Dubrueil demonstra, em seu livro, como elas são definidas de antemão por um punhado de atributos, experiências, sentimentos, pensamentos supostamente comuns a um grupo dado, como determinado por seus autoproclamados porta-vozes, explicando de antemão o que nós somos, fazemos, pensamos, dizemos. Dubrueil aponta que essa política de identidades se tornou uma fraseologia (e não uma teoria política), representando a ordem social ao gosto do dia, retórica onipresente nos centros neurotizados da economia americana e mundial (universidades, mídia, setor tecnológico). Grupos identitários sem propostas coletivas de emancipação. E transformação. (Sibila)
Jean-Noël Laurenti : Em seu livro A ditadura das identidades (coleção le Débat, Gallimard, 2019), você analisou e denunciou o fenômeno da política de identidades, cada vez mais influente nos EUA, e que começa a ganhar espaço na França, como demonstrado recentemente pelo caso de As Suplicantes de Ésquilo(1), quando uma representação foi proibida sob a acusação de utilizar o “blackface”. Você pode explicar em que consiste esse fenômeno?

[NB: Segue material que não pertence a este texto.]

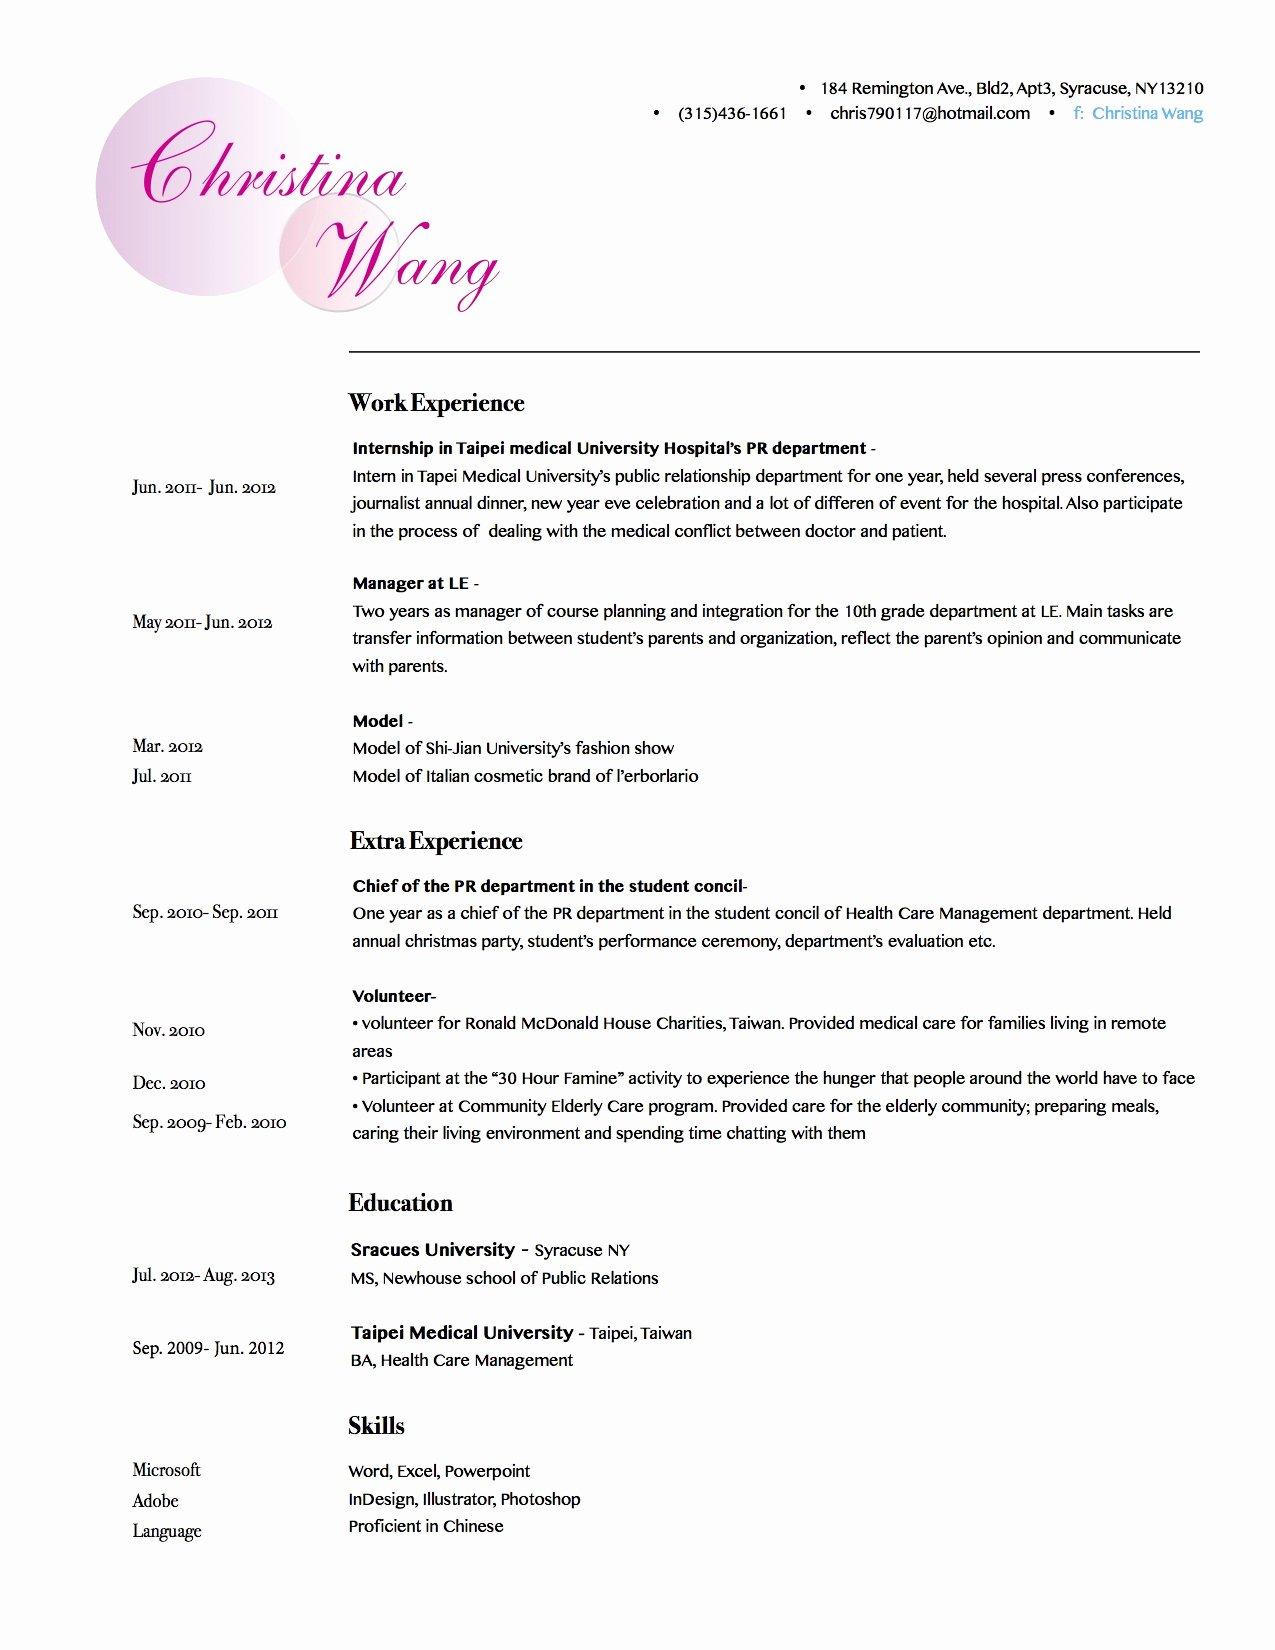 Freelance Makeup Artist Resume

Laurent Dubreuil : “Política de identidades” é a minha tradução preferida da expressão inglesa identity politics, a qual foi conceituada inicialmente pelos movimentos militantes americanos dos anos 1970. Como indica a justaposição dos dois termos (identidade e política), ela se refere à reforma da prática política, fundamentando-a nas identidades particulares. A argumentação do manifesto assinado em 1977 pelo coletivo Combahee River, o qual fez circular o sintagma em questão, é bastante clara. Em vez de esperar que, por exemplo, as mulheres negras lésbicas se emancipem via a liberação de uma categoria geral (como a classe operária), seria preferível definir os problemas específicos e concretos que encontram os indivíduos em situação de opressão. Desde o começo, a política de identidades consiste então em privilegiar o particular em contraposição a um certo universalismo (aqui, no caso, o marxismo ortodoxo).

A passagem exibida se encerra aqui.